Fancie, who graduated with a degree in international studies, went on to work as a social media coordinator for Thomas Mulcair’s successful leadership campaign and is now communications coordinator for the Broadbent Institute in Ottawa—former NDP leader Ed Broadbent’s attempt to build a centre for social democratic thought and advocacy. “I think we are at a bit of a fork in the road in the way that we think about our government and the way we think about society,” he says. “So I think that being involved in the process is an important experience at this point in time.”
Middle-school science experiments typically revolve around volcanoes erupting by mixing baking soda and vinegar, but 13-year-old Dheevesh Arulmani was far more interested in the future of renewable energy. Passionate about science, technology and the environment, he wanted to develop a project on fuel cells—cells that produce electric energy from the chemical reactions of fuels, such as hydrogen or methanol. At 13, he created his bio-inspired photonic fuel cell, through which photosensitizers use solar power to increase the rate of electricity production.
Photosensitizers can enhance the power output of fuel cells by 60 to 90 per cent. It’s a breakthrough that has a lot of potential in the real world,” says Arulmani, now 17. “In the future, these fuel cells have applications for everything from cellphones to laptops to automobiles to industrial applications.”
Arulmani is one of 20 young Canadians repeatedly invited to attend the Intel International Science and Engineering Fair. In 2010, then a Grade 9 student, he won second place at the fair and picked up Google’s first-place award in the “future of energy” category.

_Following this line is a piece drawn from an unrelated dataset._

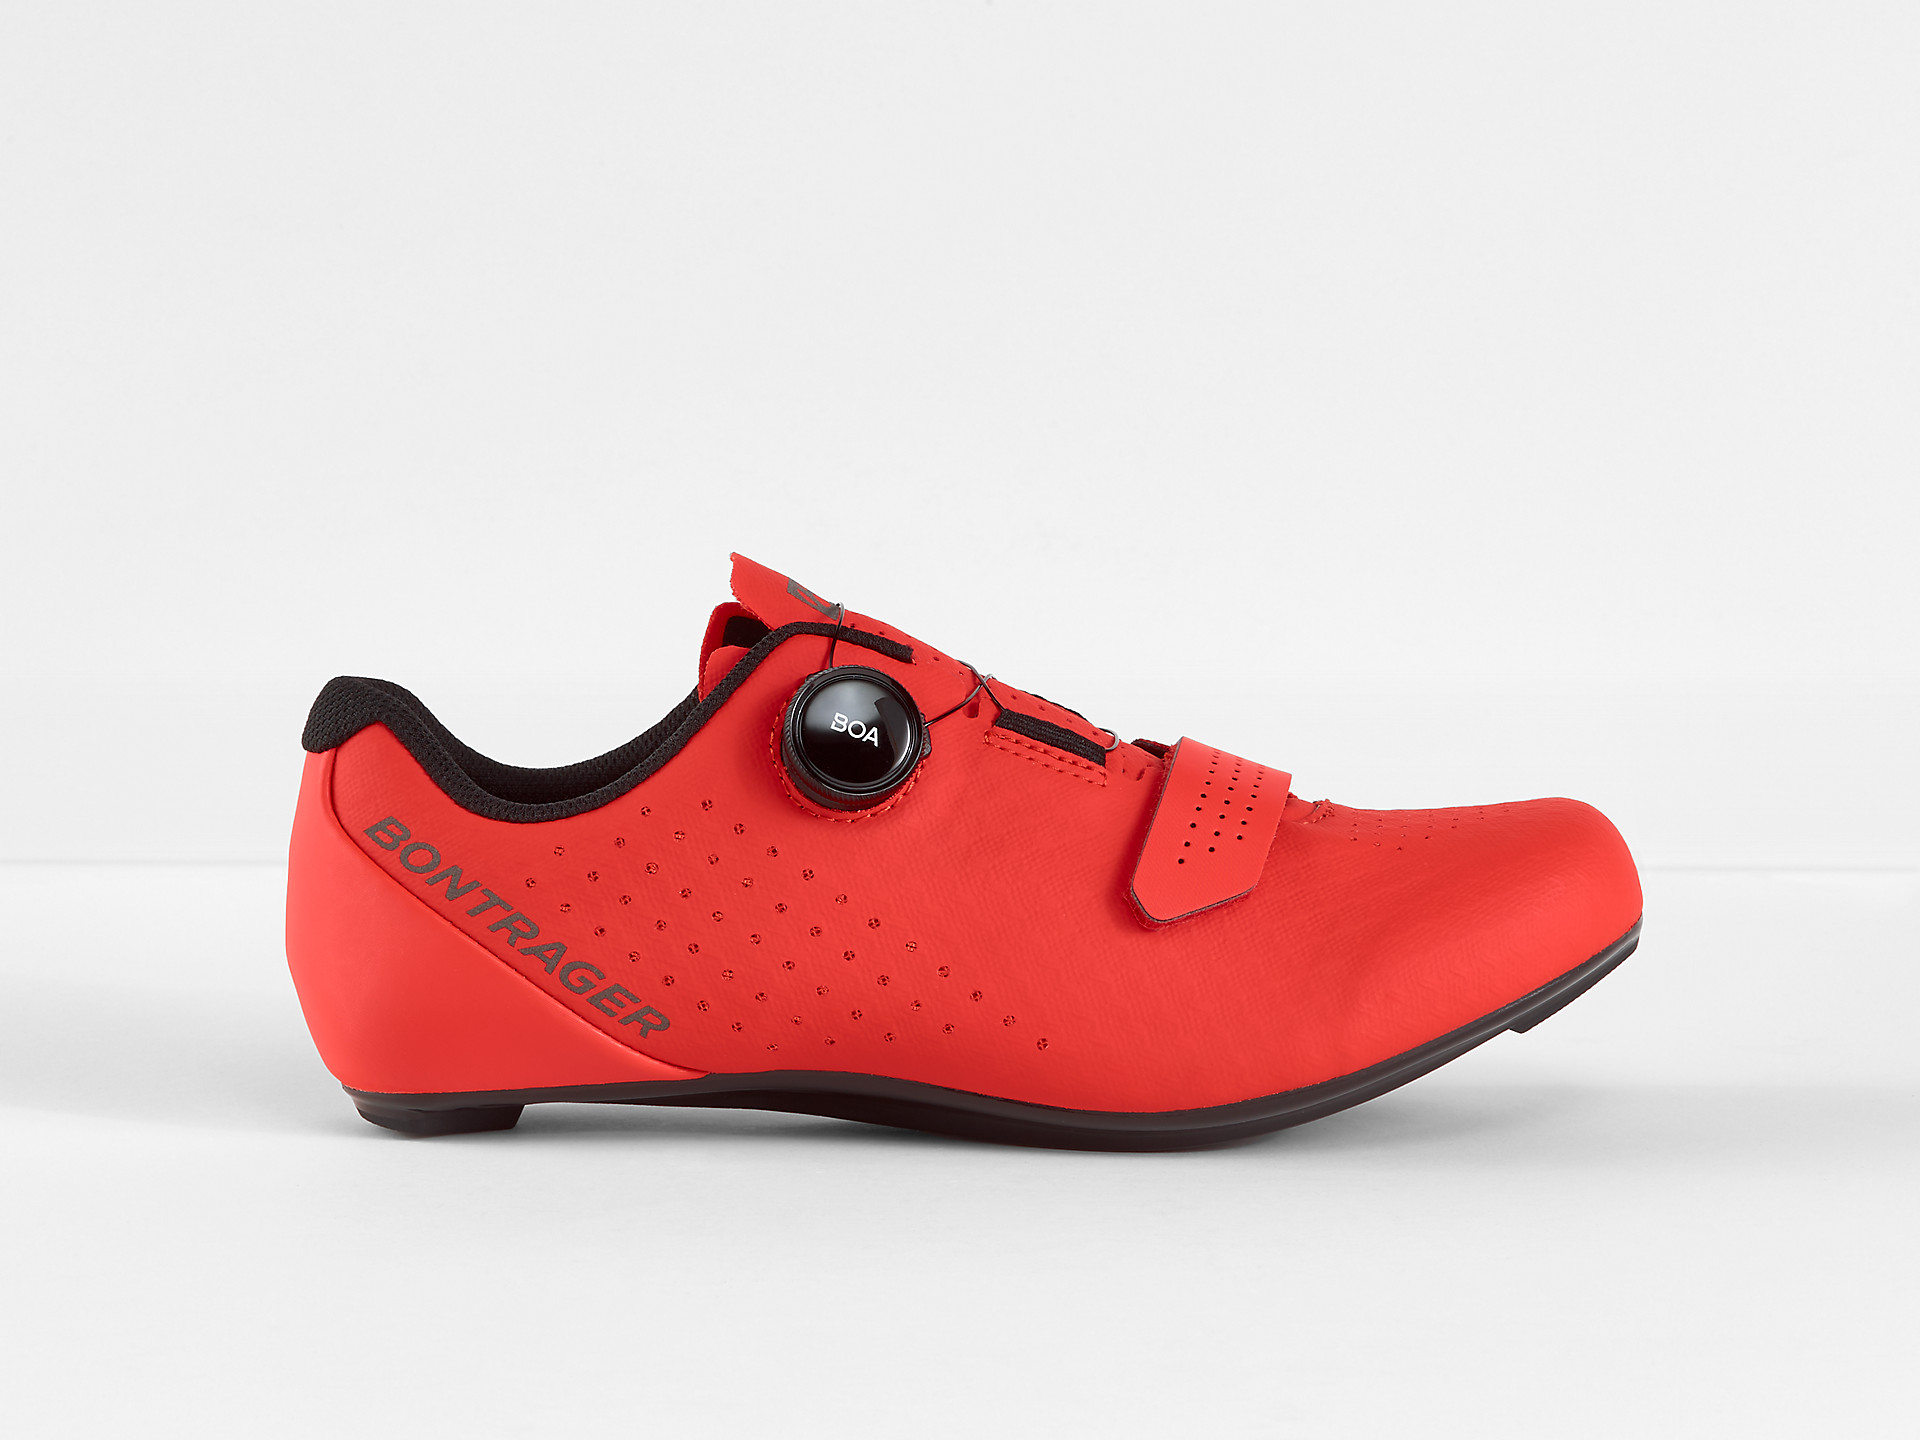 <a href="https://cycles-clement.be/product/chaussure-bont-circuit-race-39-red/">CHAUSSURE BONT CIRCUIT RACE 39 RED</a>

He has spent the last few years working in the electrochemistry lab at the University of Ontario Institute of Technology in Oshawa, Ont. While being the youngest person there was intimidating at first, he says the steep learning curve has been well worth it. “It’s been an incredible opportunity to develop my research and develop my knowledge.”
Now Arulmani is trying to decide between Harvard University and the Massachusetts Institute of Technology, both of which accepted him for September admittance. He hopes to further his fuel-cell research and believes it could one day be revolutionary. “In the next 10 or 15 years, this could certainly be the next power source that replaces fossil fuels.”